● **Data extract**
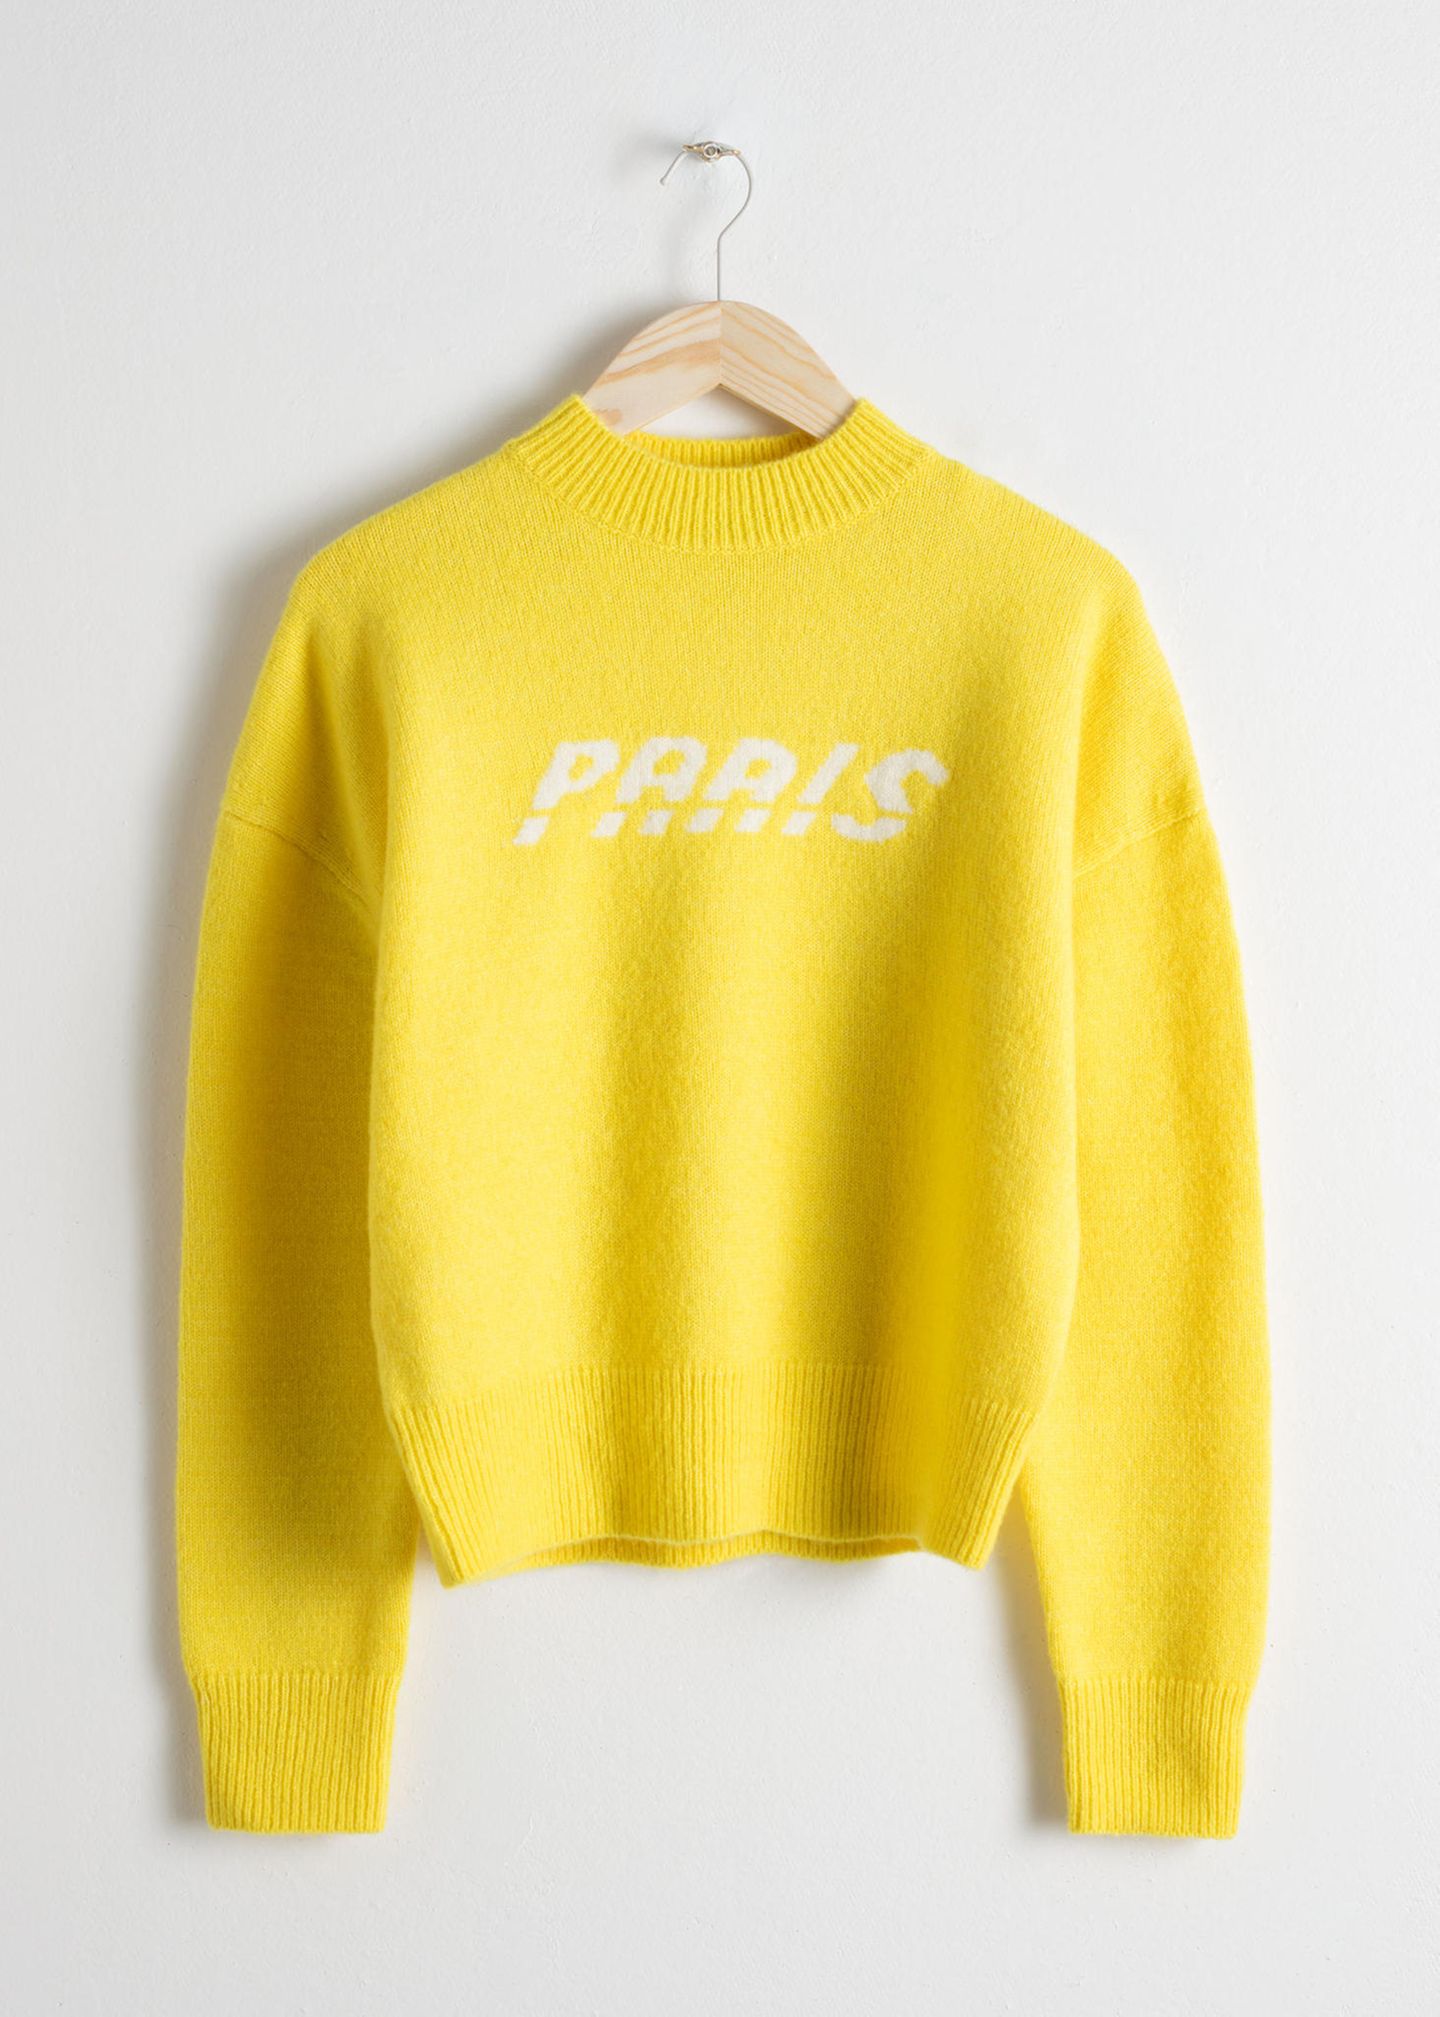 Für kalte Sommertage ist ein cooler Pullover nie verkehrt. Dieses gelbe Modell hat uns sofort umgehauen! Für rund 35 Euro bei & other stories erhältlich.
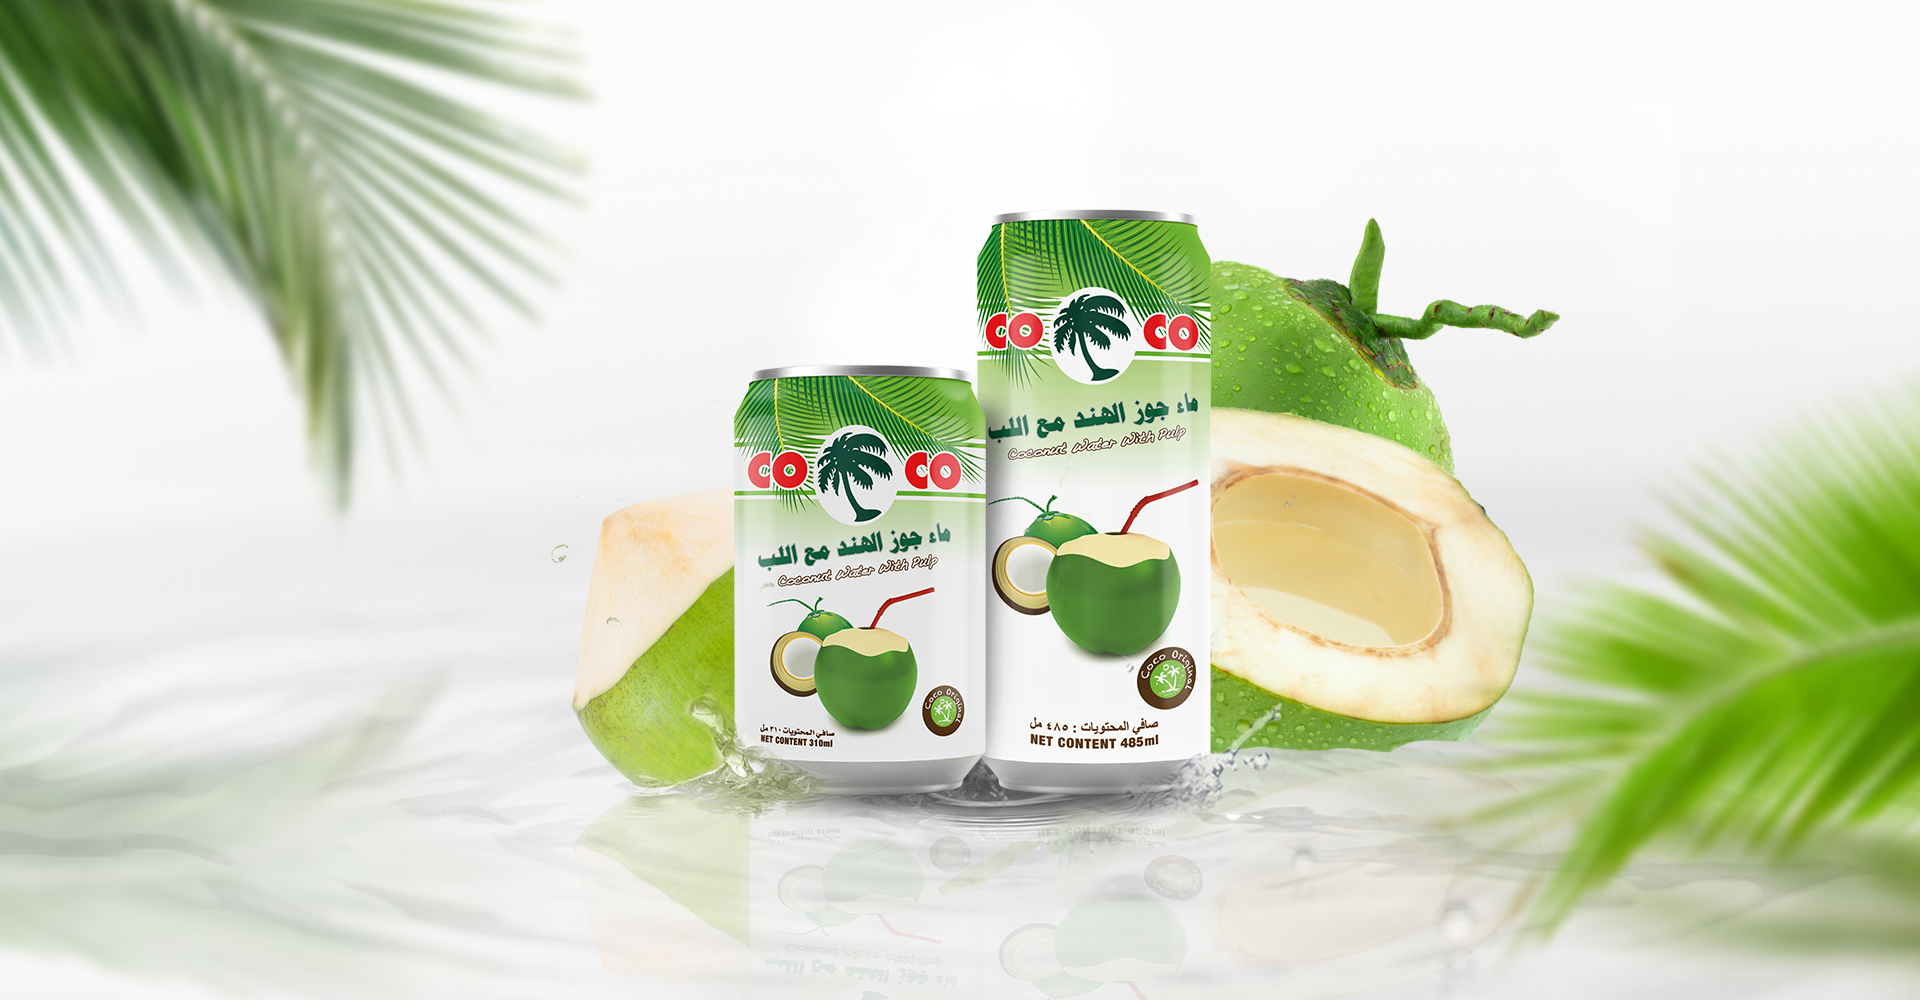 Coco, Simply fresh coconuts
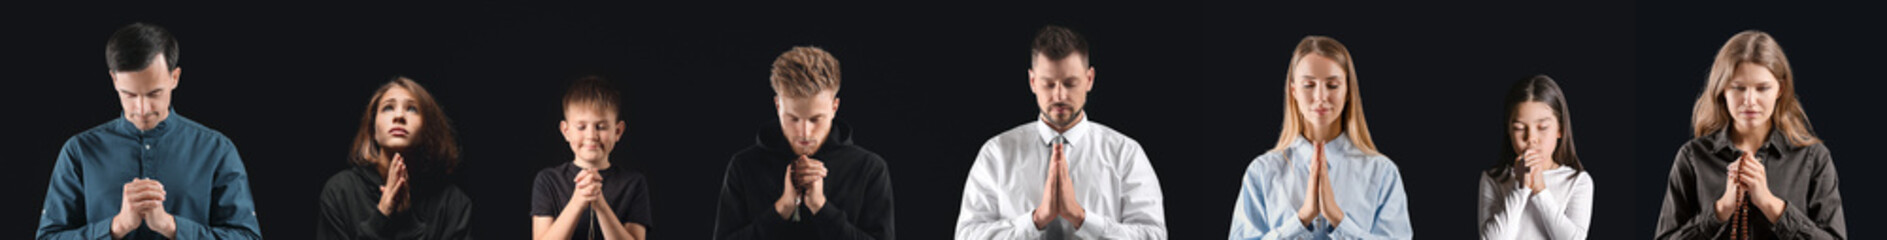 Set of praying people on dark background

● **Brief**
Skip the pictures. Return exactly the lines from the one containing "Coco, Simply fresh coconuts" through the end of the data above, both included, and nothing besides.

● **Written answer**
 Coco, Simply fresh coconuts
 Set of praying people on dark background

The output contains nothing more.